Autoscaling OpenShift Workloads With Custom Prometheus Metrics

November 3, 2022

Kubernetes enables the automated scaling of applications to meet workload demands. Historically only memory and CPU consumption could be considered in scaling decisions, but the OpenShift Custom Metrics Autoscaler operator and KEDA remove that limitation. Read on to learn how OpenShift enables auto scaling based on the metrics that are important to your business.

Understanding OpenShift Monitoring

OpenShift includes monitoring and alerting out of the box. Batteries included.

Metrics are continuously collected and evaluated against dozens of predefined rules that identify potential issues. Metrics are also stored for review in graphical dashboards enabling troubleshooting and proactive capacity analysis.

All of these metrics can be queried using Prometheus PromQL syntax in the console at Observe -> Metrics.

OpenShift Metrics Queries

OpenShift Metrics Queries

⭐ Pro Tip: Red Hat Advanced Cluster Management aggregates metrics from all your clusters to a single pane of glass.

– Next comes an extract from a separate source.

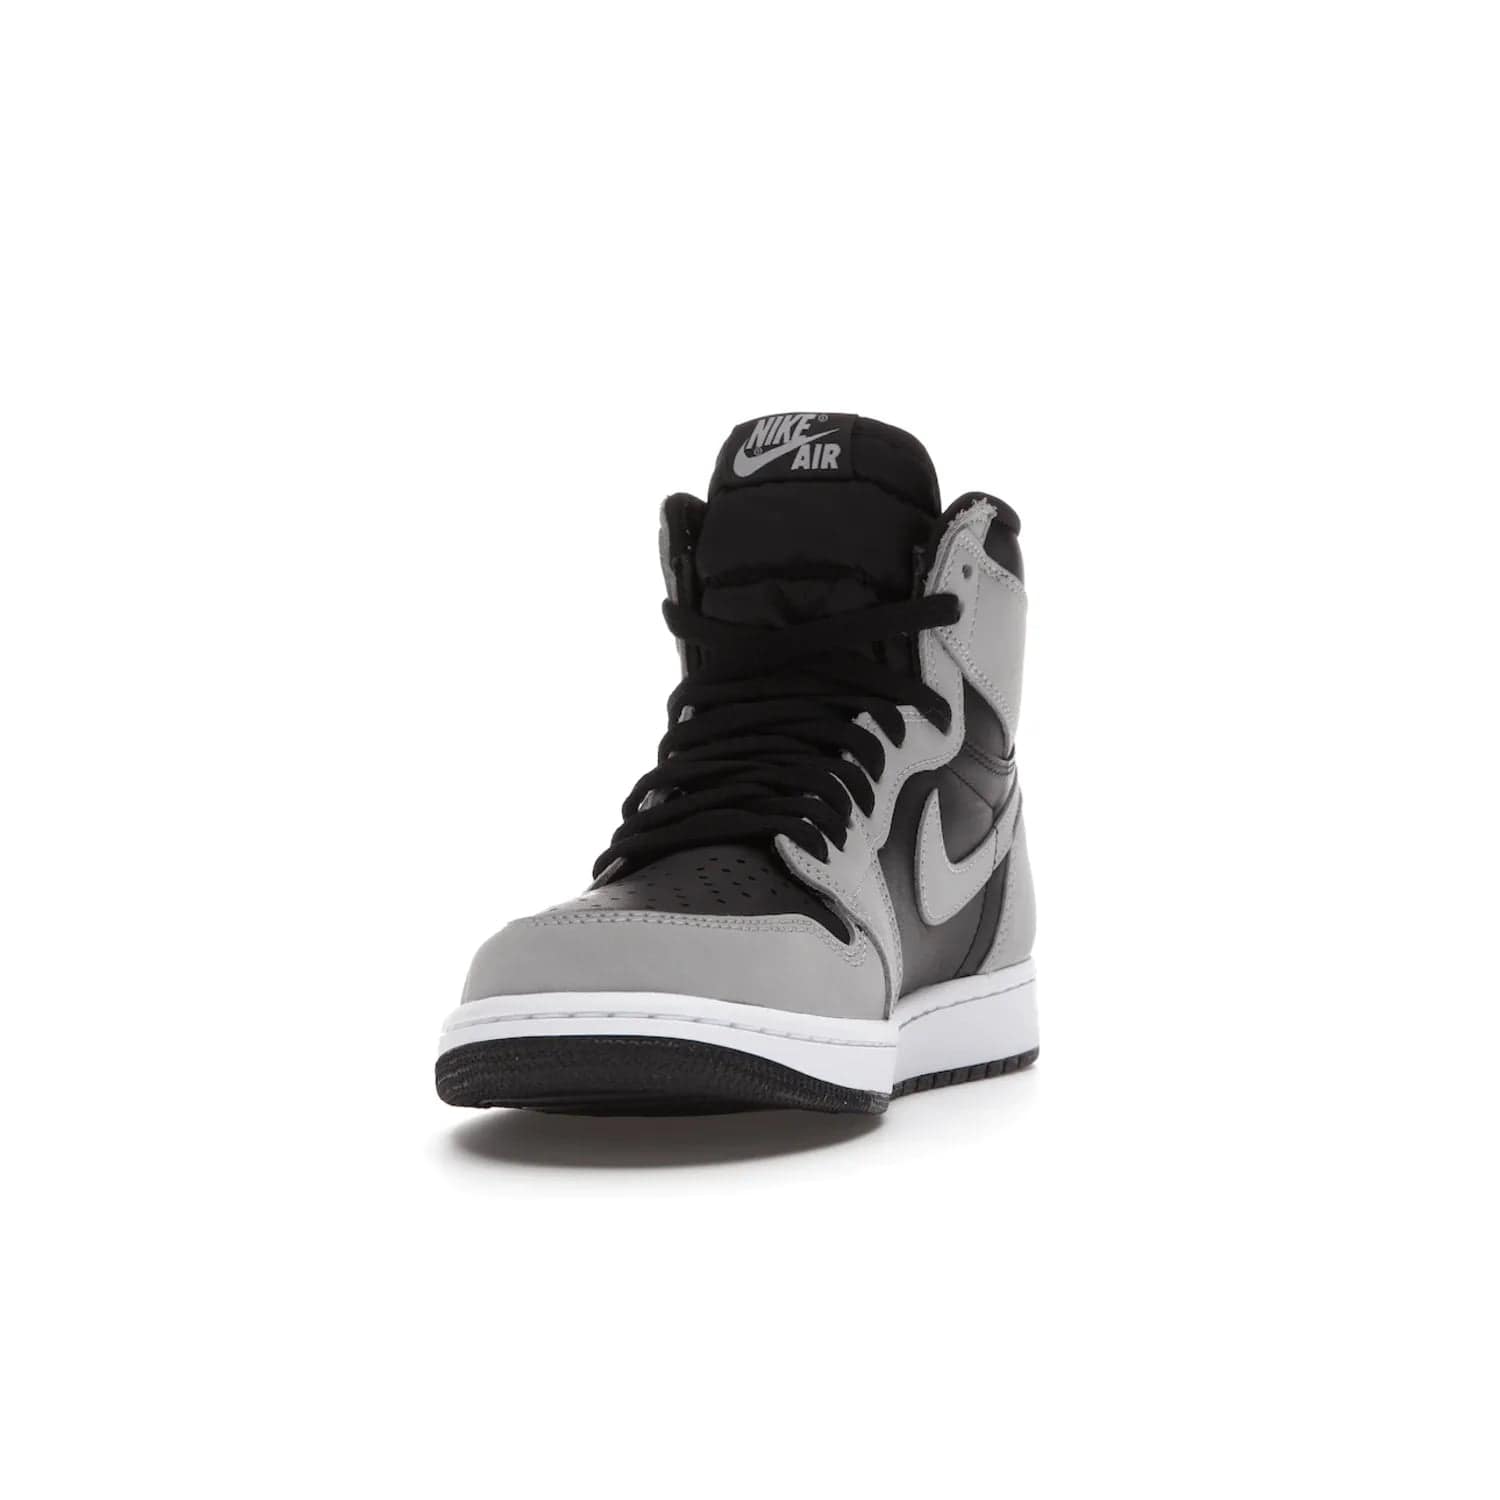 Jordan 1 Retro High Shadow 2.0 - Image 12 - Only at www.BallersClubKickz.com - #
Classic Air Jordan 1 Retro High Shadow 2.0 with black leather base and Light Smoke Grey overlays. Released in May 2021.

See blog posts with the RHACM tag

What is monitored?

All metrics are collected or “scraped” from Targets which can be found in the console at Observe -> Targets. These targets are defined using ServiceMonitor resources.

For example there are ServiceMonitors for Kube State Metrics:

$ oc get servicemonitor/kube-state-metrics -n openshift-monitoring -o yaml | yq e '.spec.selector' -
matchLabels: exporter kube-state-metrics openshift-monitoring

$ oc get services -l -A
NAMESPACE              NAME                 TYPE        CLUSTER-IP   EXTERNAL-IP   PORT(S)            AGE
openshift-monitoring   kube-state-metrics   ClusterIP   None         <none>        8443/TCP,9443/TCP  6d
openshift-monitoring   node-exporter        ClusterIP   None         <none>        9100/TCP           6d

And there are ServiceMonitors that ship with add-on operators like OpenShift Data Foundation:

$ oc get servicemonitors -n openshift-storage
NAME                                              AGE
noobaa-mgmt-service-monitor                       6d
ocs-metrics-exporter                              6d
odf-operator-controller-manager-metrics-monitor   6d
rook-ceph-mgr                                     6d
s3-service-monitor                                6d

Demo: Listing the ServiceMonitors that define the Prometheus targets

📺 ASCII Screencast

Understanding Horizontal Pod Autoscaling

Horizontal pod autoscaling (HPA) has been a feature since the earliest days of OpenShift, but scaling was triggered only by CPU and memory consumption metrics. When the average CPU load of pods in an application reached an identified threshold the Deployment or StatefulSet that created the pod was resized to add more pod replicas. When the load receded, the application was scaled down and the extra pods were terminated.

Unfortunately, those simplistic metrics may not tell the whole story for your application.

The OpenShift Custom Metrics Autoscaler operator (CMA) enables you to create your own custom metrics and tailored PromQL queries for scaling. CMA is based on the upstream Kubernetes Event Driven Autoscaling project which makes it possible to trigger on a number of event sources or “Scalers” in the KEDA vernacular. We will use the Prometheus scaler.

⭐ Pro Tip: This may remind you of OpenShift Serverless, but the use case differs. KEDA, for example, will only permit you to scale as low as 1 pod. See Knative versus KEDA


Enabling OpenShift User Workload Monitoring

To begin monitoring our own custom application we must first enable user workload monitoring in OpenShift.

Easy peasy.

Demo: Enabling user workload monitoring

Pro Tip: Use the yq tool to do it with 2 commands

$ oc extract configmap/cluster-monitoring-config \
  -n openshift-monitoring --to=- \
  | yq eval '.enableUserWorkload = true' - > config.yaml

$ oc set data configmap/cluster-monitoring-config \
  --from-file=config.yaml -n openshift-monitoring

Installing OpenShift Custom Metrics Autoscaler Operator

Next, we must install the OpenShift Custom Metrics Autoscaler operator which is built on the KEDA project. In addition to installing the operator, a KedaController operand must be created which will result in the deployment of pods to the openshift-keda namespace.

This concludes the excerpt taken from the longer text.